Our focal outcome is occupational commitment, a measure of affective attachment to STEM that captures the future desire to be in the field and the personal meaning and sense of belonging attached to it (Singh et al. 2013). Importantly, past research has found that commitment is highly predictive of subsequent persistence and satisfaction in an occupation (Fouad et al. 2016; Meyer et al. 2002). Our analyses will address three general questions. First, are young women’s perceptions of STEM fields as affording agentic as well as communal goals predictive of their occupational commitment to STEM? Second, are young women’s reports of positive experiences with faculty and classmates predictive of their occupational commitment to STEM? And finally, is the association between these factors and women’s occupational commitment different for Asian women than for White women? In addressing these questions, our study will provide new insights into the factors that ultimately underlie the attrition of female STEM degree-earners from STEM occupations, and subsequently it contributes to patterns of gender inequality in the labor force.

Gender as a Social System

Our study is situated in the recognition that gender is a multilevel social system that is created (and recreated) at the societal or macro level of institutions, at the interactional level within the local contexts of everyday life, and at and within the level of the individual (Ridgeway and Correll 2004; Risman 2004). Vital to the creation and maintenance of this system are cultural beliefs about gender, including beliefs about the personal characteristics and related behaviors that distinguish women from men.
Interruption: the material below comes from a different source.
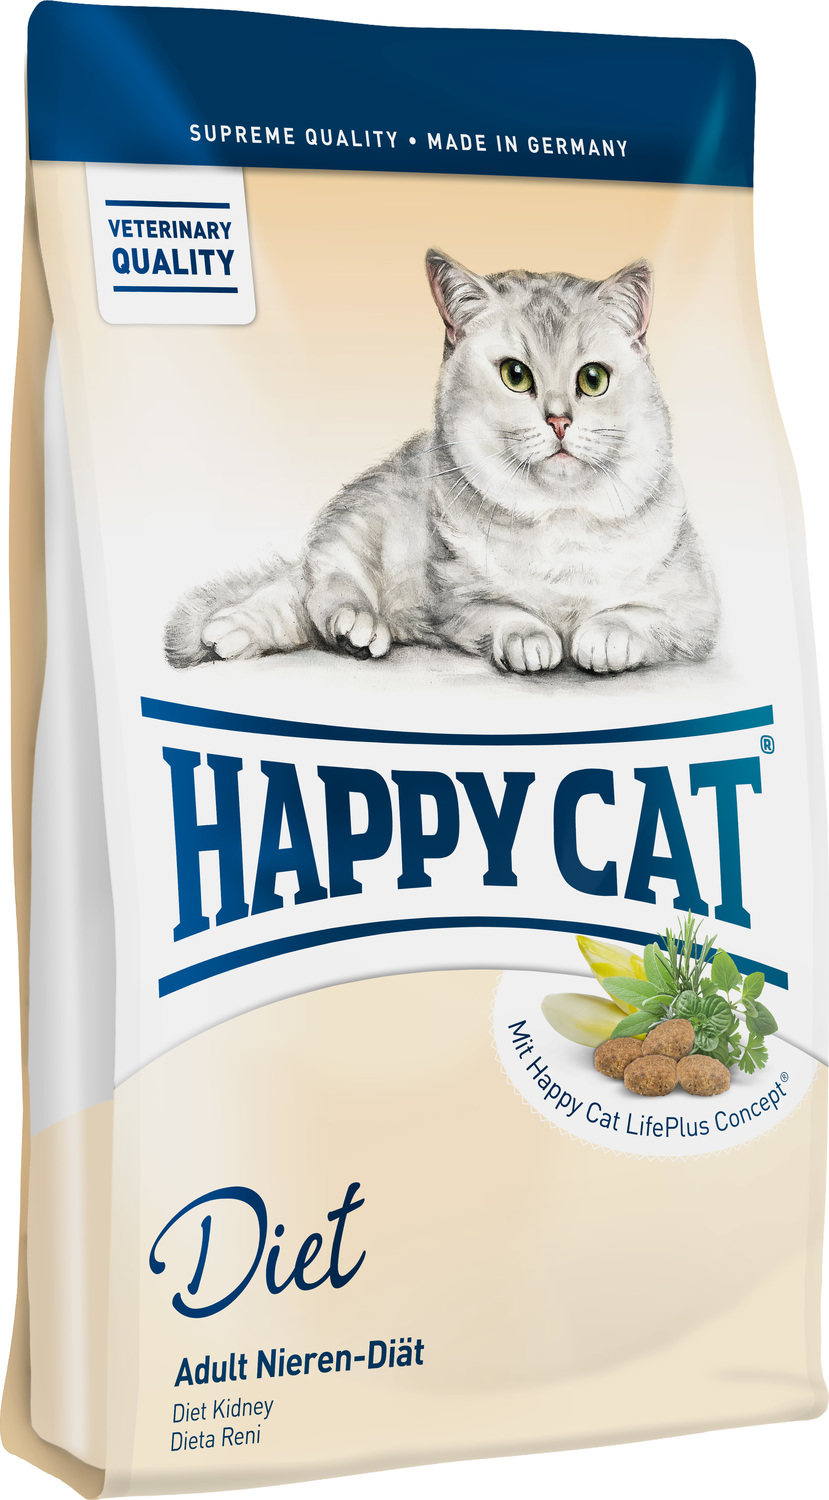 Happy Cat Adult Sensitive Kidney Schonkost Niere - zoom

Such broadly acknowledged and endorsed beliefs function to shape the expectations people bring with them into social relations and interactions with others, and they are often accepted and internalized by individuals (Ridgeway 2001). Therefore, building on the insights of gender theorists, in the present paper we examine how factors that are internalized by young women (e.g., their agentic and their communal motivation), as well as factors present in their interactions with others (e.g., positive or negative experiences with faculty and with classmates), function to either encourage or discourage women’s commitment to male-dominated STEM fields.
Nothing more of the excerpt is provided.